Проявляется тенденция к «мягким» переходам — «чужого» в «своё», иронии в лирику, хаоса в космос («хаосмос» М.Липовецкого).  «Вторичная первичность» — наиболее значимое отличие постпостмодернизма от его «предшественника» — постмодернизма, демонстративно обнаруживавшего свою вторичность в игровом обращении с культурными объектами. «Характерными особенностями русского варианта постпостмодернизма являются новая искренность, новый гуманизм, новый утопизм, сочетание интереса к прошлому с открытостью будущему, сослагательность».        Интернет значительно изменил сферу бытования литературы. Традиционно литературное пространство формировали «толстые» журналы («Новый мир», «Знамя», «Звезда», «Октябрь», «Нева», «Урал» и др.). Сейчас их роль в общественной жизни (особенно по сравнению с концом 1980-х годов) стала иной: журнальный «бум» закончился, литературоцентризм прежних лет, если не веков («литература — наше все»), утратил свои позиции. «Бумажные» литературные журналы обзаводятся виртуальными «двойниками» в Сети, стремясь к доступности и открытости своих новейших материалов.
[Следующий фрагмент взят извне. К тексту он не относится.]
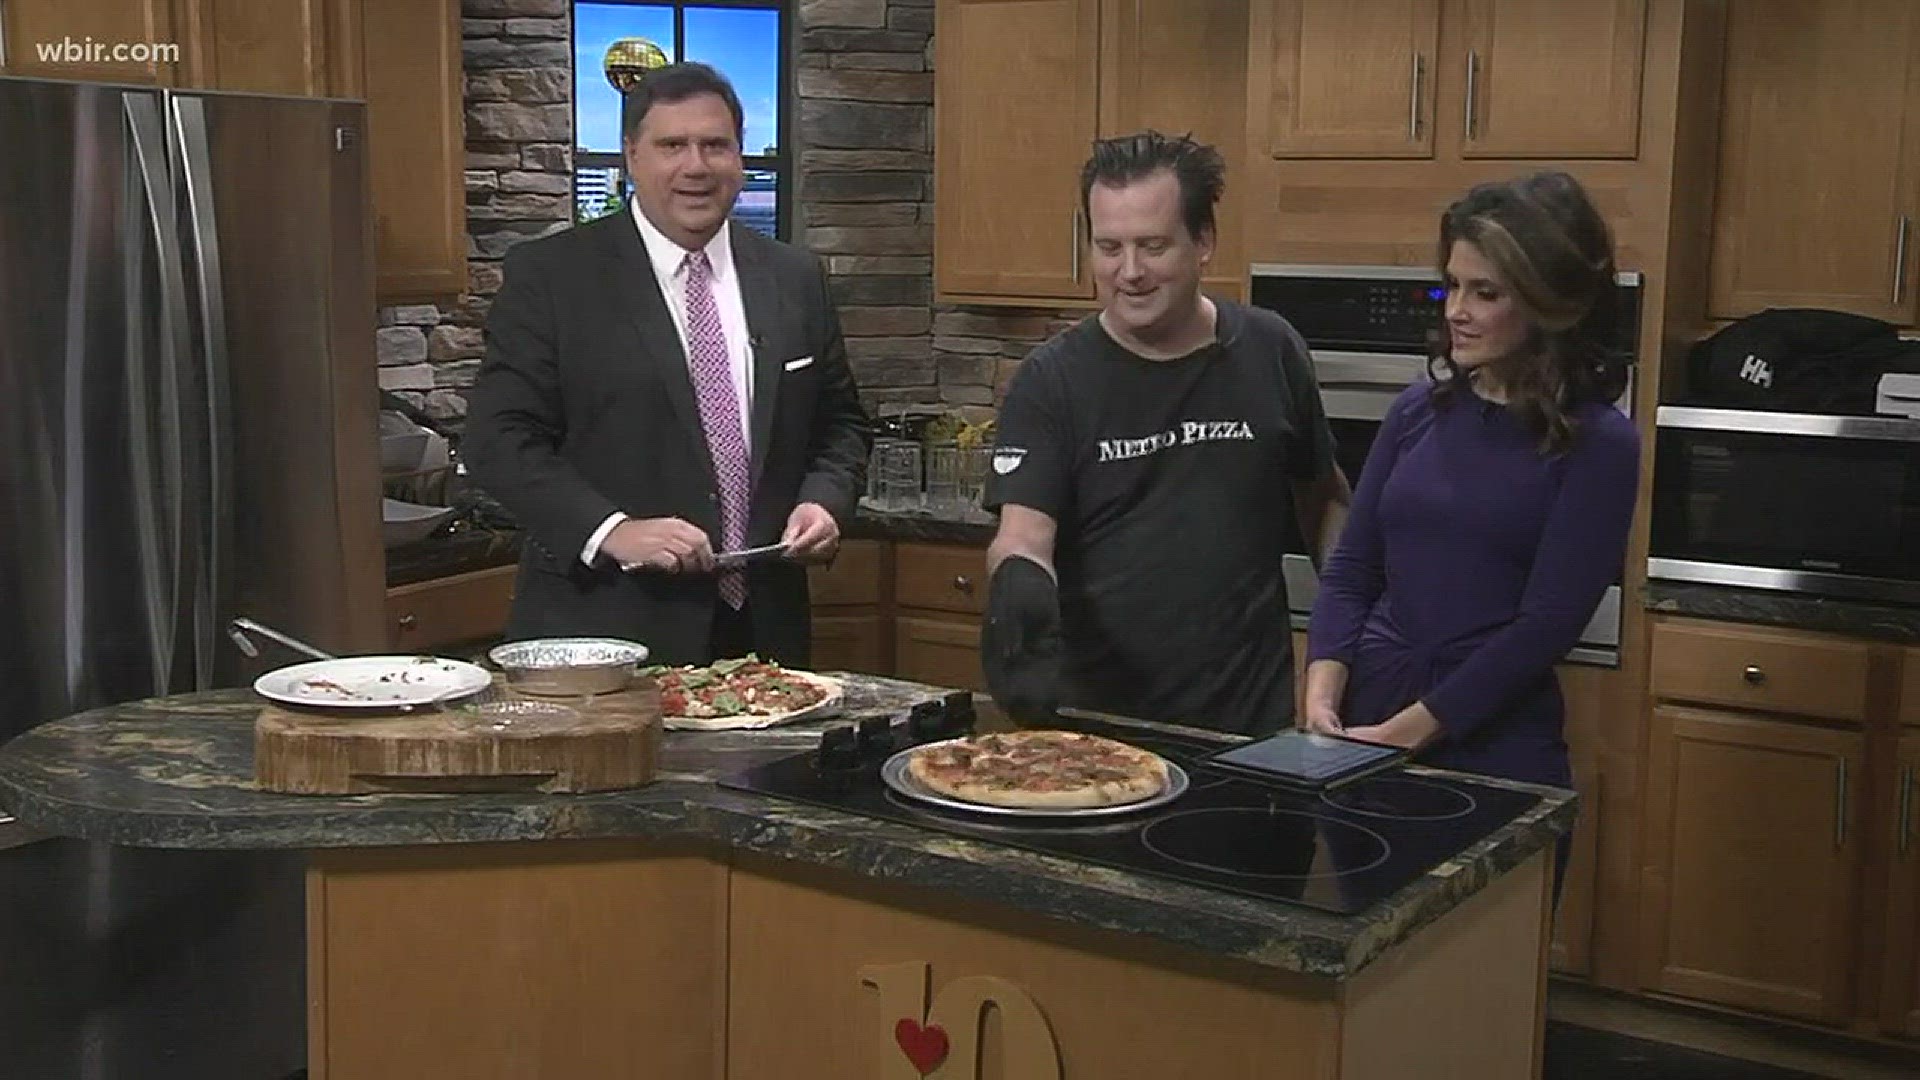 Jay with Metro Pizza (Alcoa) shares a great pizza recipe to make this weekend. For more information about Metro Pizza visit , mmmetropizza.com                                                                                    January 18, 2018-4pm

Интернет как место обитания литературы резко повысил уровень интенсивности интеллектуальной жизни: в нем есть все книжные новинки, мгновенные отклики на них, анонсы очередных новинок, серьёзные аналитические работы ведущих современных критиков. Сегодня литературный мир точнее всего было бы описать в категориях Борхеса: «вавилонская библиотека», «сад расходящихся тропок» — словом, всеобъемлющий Текст, свободный от времени и пространства!»

Экстралингвистические факторы на рубеже XX - XXI веков вызывают эволюционные процессы в живой речи носителей языка. Прежде всего, мы наблюдаем лидирование в постсоветское время устной речи в сравнении с письменной. Если до «перестройки» письменная и устная речь развивались по существу параллельно, как бы дополняя друг друга, то теперь письменный текст отходит на второй план: сегодня для многих чтение заменяют телевидение и радио. Результатом этого является очевидное изменение нормы литературного языка под давлением разговорной стихии.        Литературный язык в настоящее время испытывает сильное давление со стороны речи носителей языка, допускающих в публичной речи просторечную, диалектную и ненормативную лексику, ещё недавно находившуюся под запретом. Новые условия функционирования языка, появление большого количества неподготовленных публичных выступлений приводят не только к демократизации речи, но и к резкому снижению её культуры.        Русский язык в течение XX столетия испытал на себе мощное воздействие различных экстралингвистических факторов, и сегодня этот процесс продолжается. Мы являемся свидетелями того, что происходящие в России преобразования отражаются на состоянии и путях развития русского языка. Коренные изменения в политической и экономической жизни, происходящие в России последних десятилетий, нашли своё отражение в языке, а через него и в литературе, оказав на неё гигантское воздействие.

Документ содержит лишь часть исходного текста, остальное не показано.